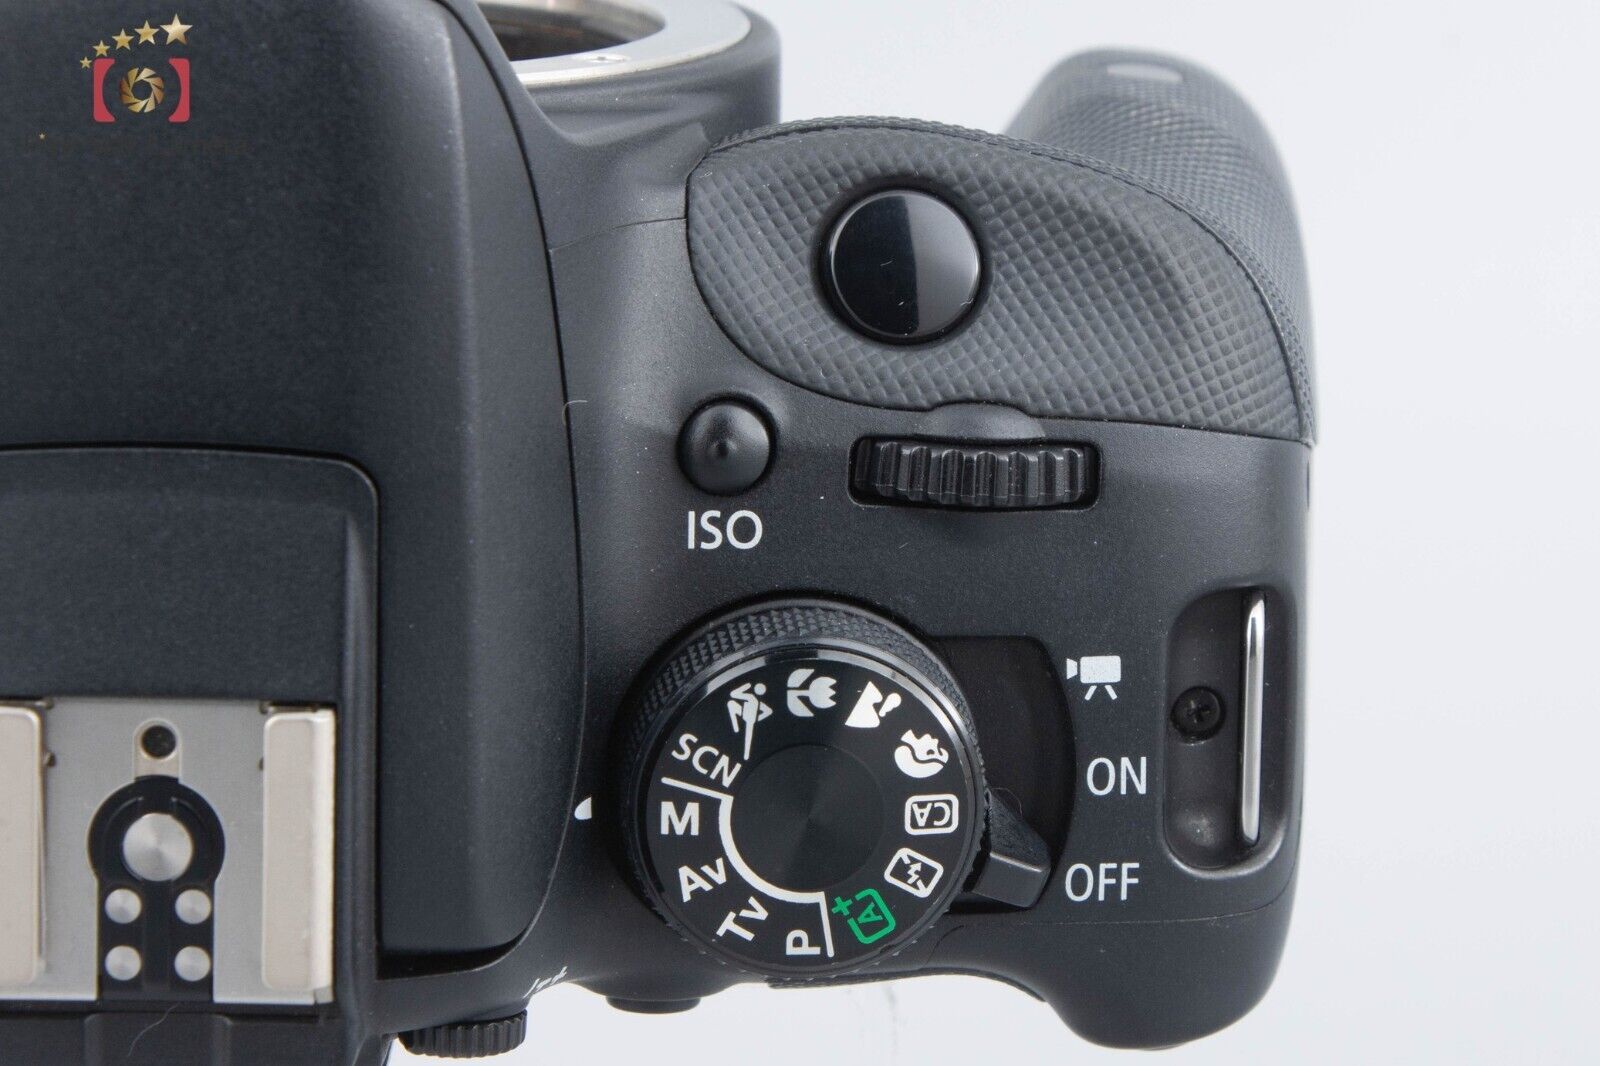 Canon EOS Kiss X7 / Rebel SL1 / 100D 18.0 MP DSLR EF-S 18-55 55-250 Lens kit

--

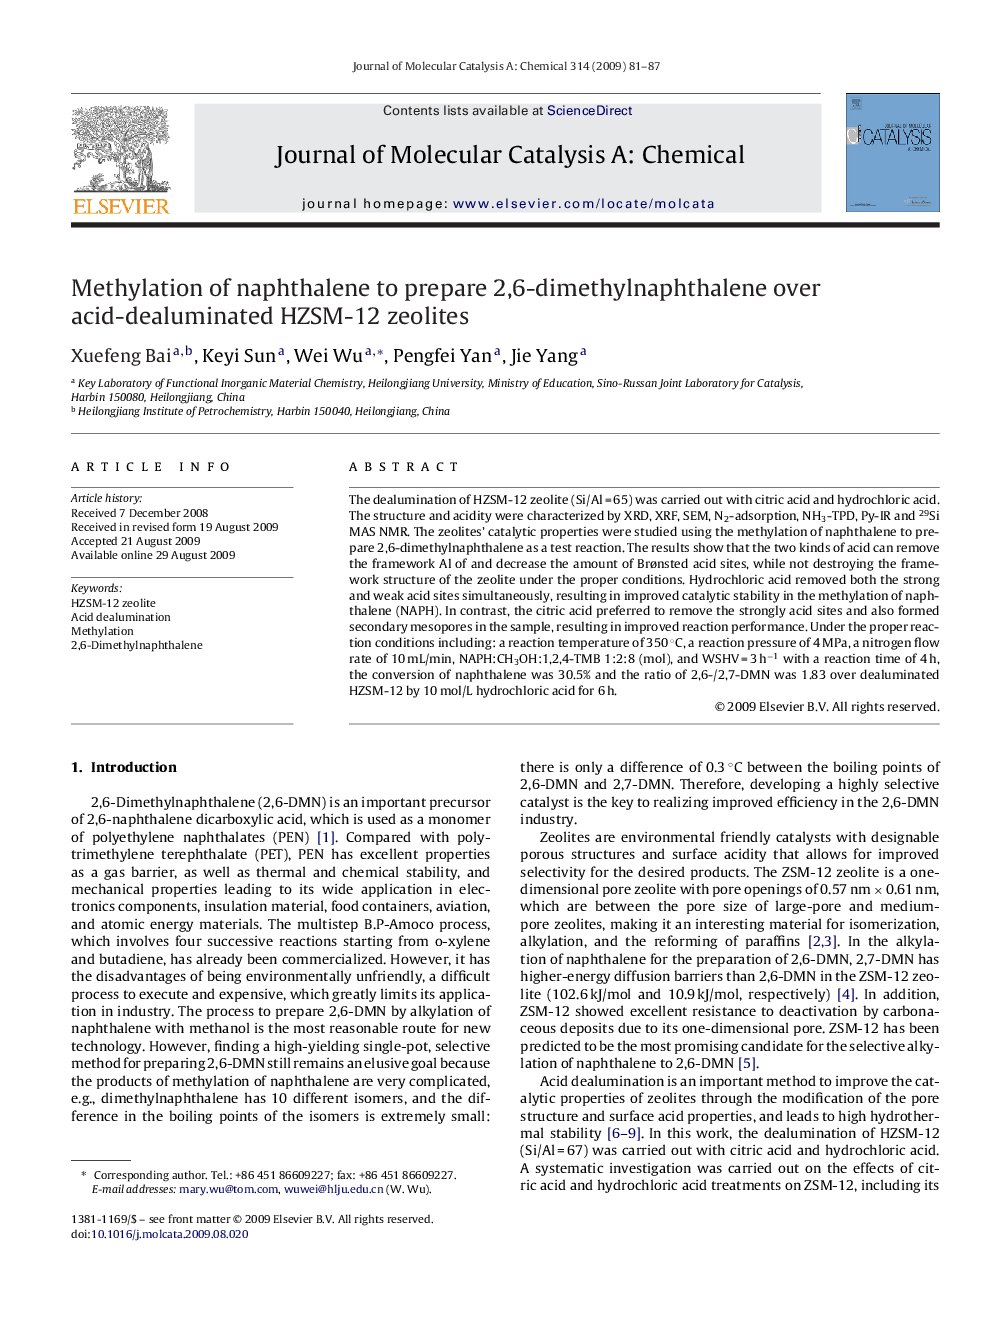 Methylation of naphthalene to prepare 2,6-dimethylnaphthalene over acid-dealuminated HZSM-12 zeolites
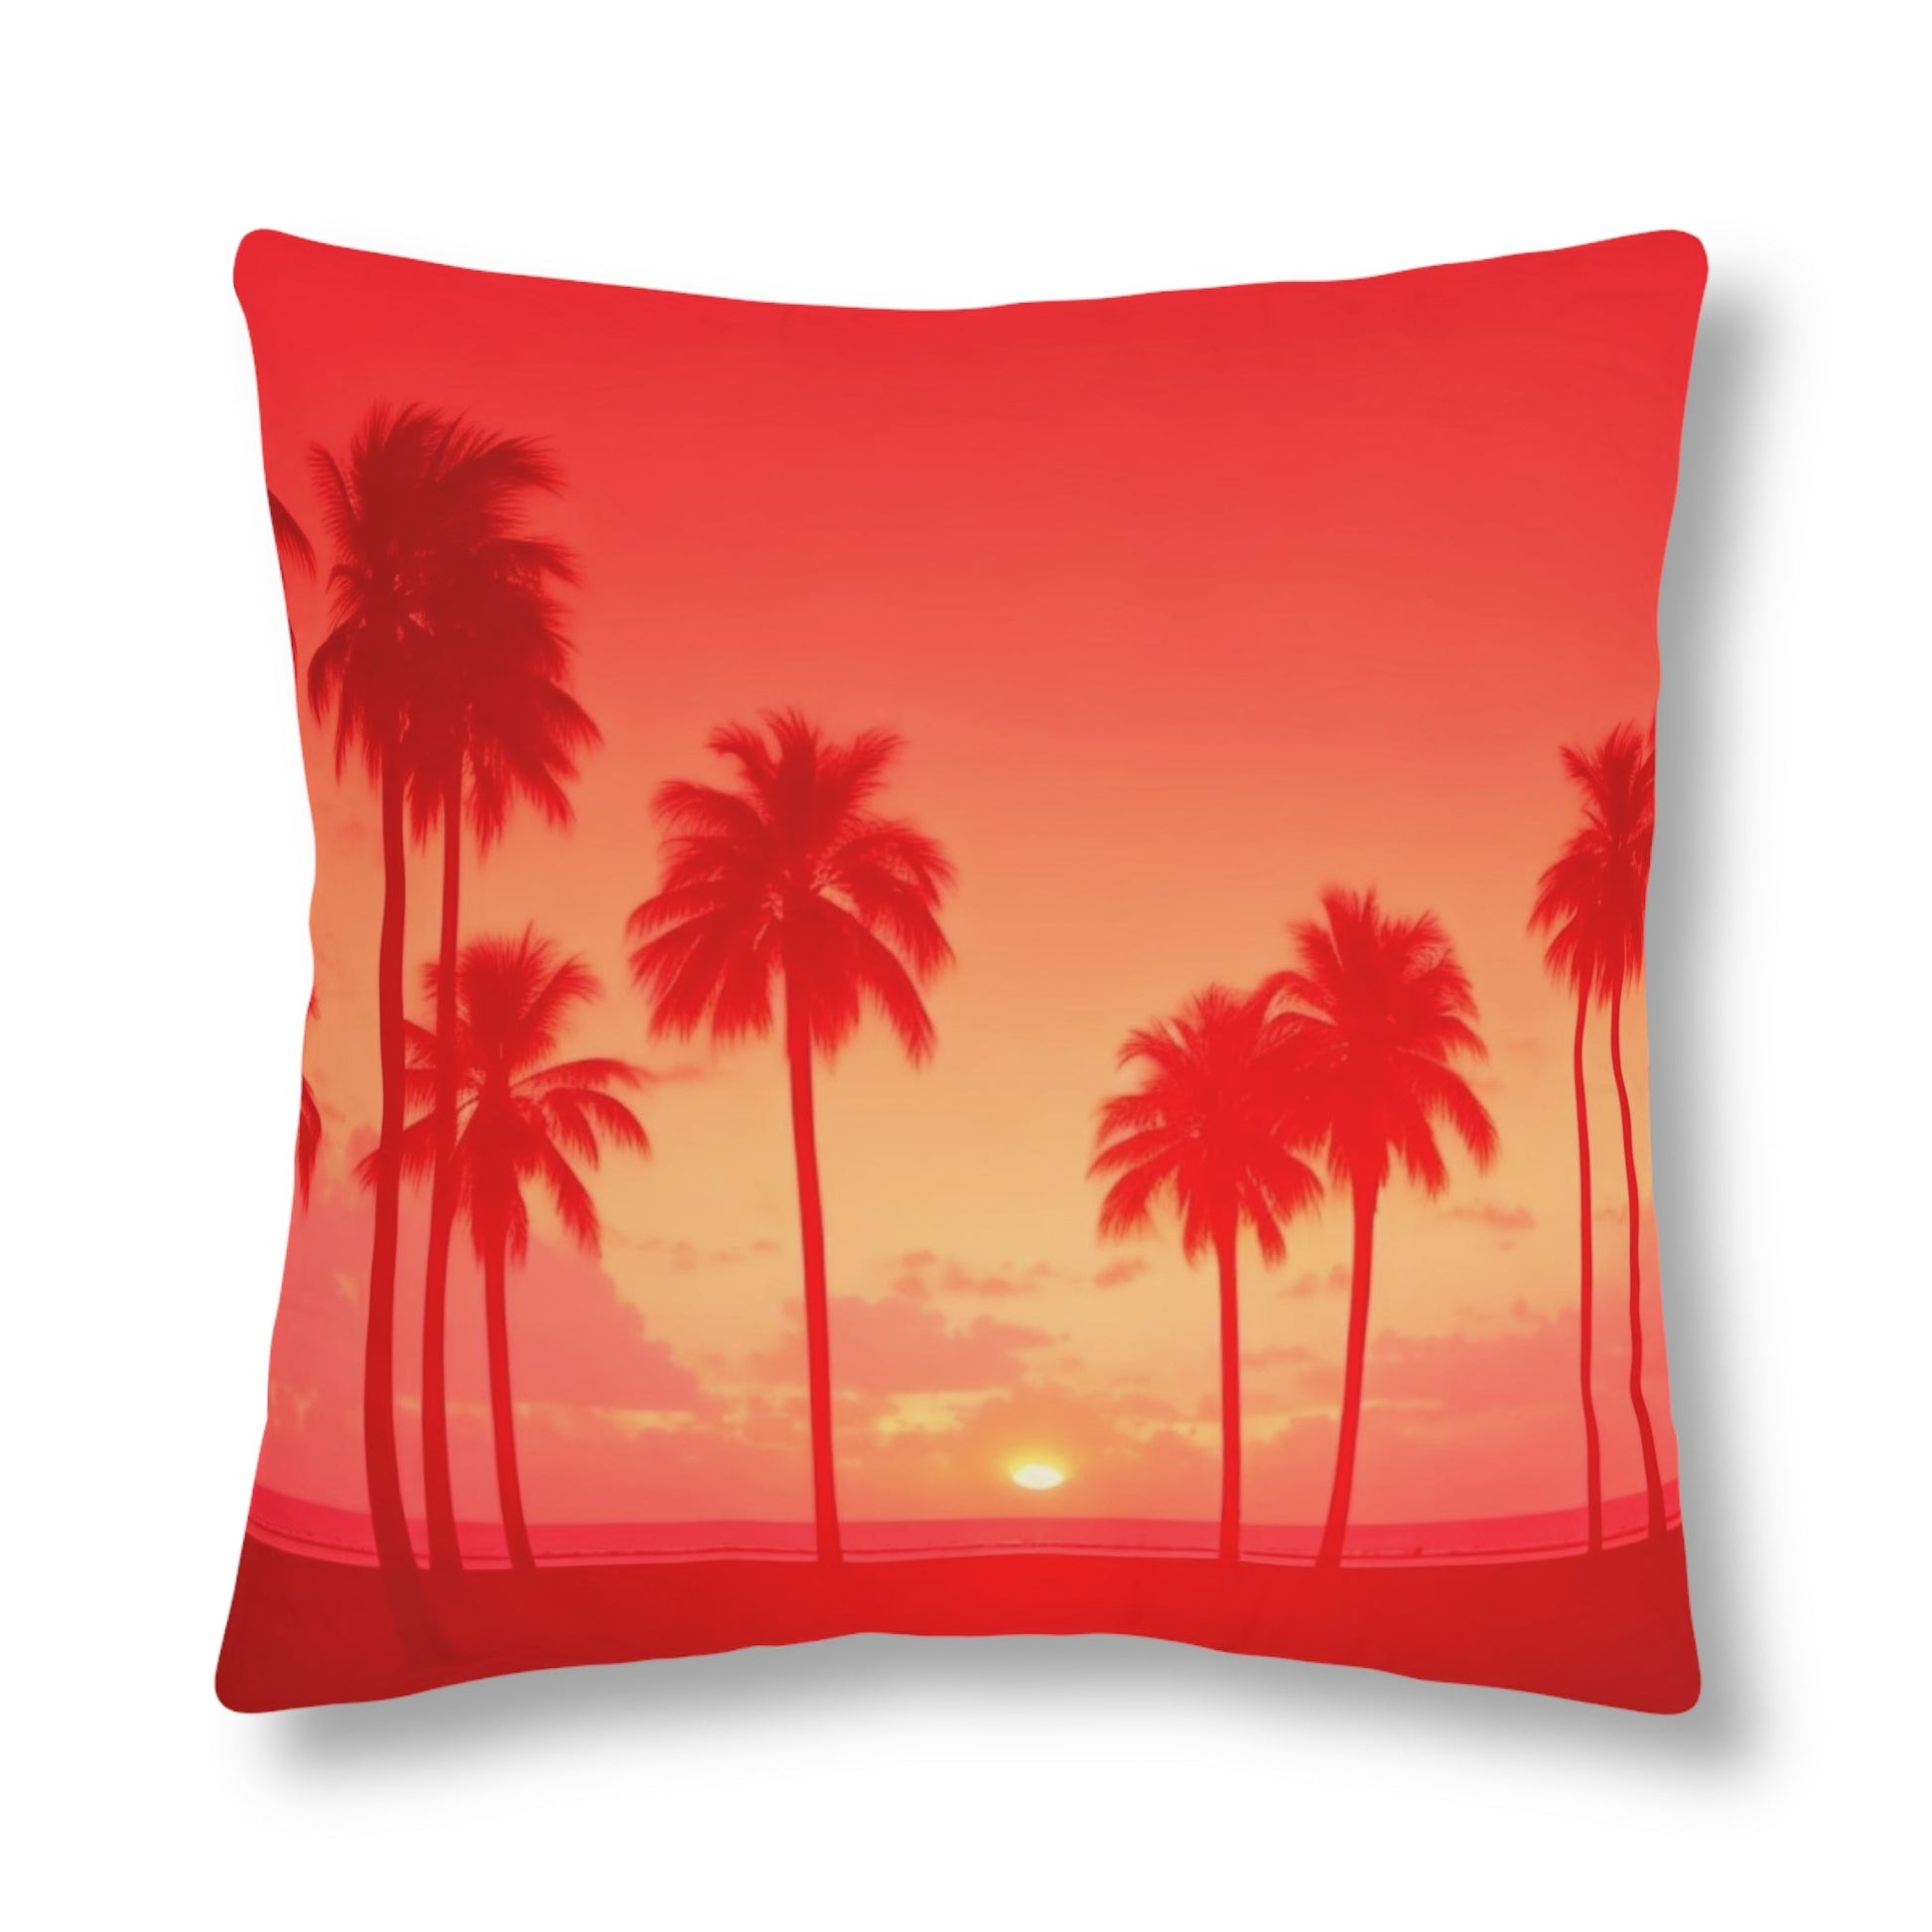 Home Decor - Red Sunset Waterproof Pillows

What is needed: Starting at the line above that has "Methylation of naphthalene" and ending at the line that has "Home Decor - Red Sunset Waterproof Pillows", copy each line exactly, leaving the pictures out and adding nothing.

Expected answer:
 Methylation of naphthalene to prepare 2,6-dimethylnaphthalene over acid-dealuminated HZSM-12 zeolites
 Home Decor - Red Sunset Waterproof Pillows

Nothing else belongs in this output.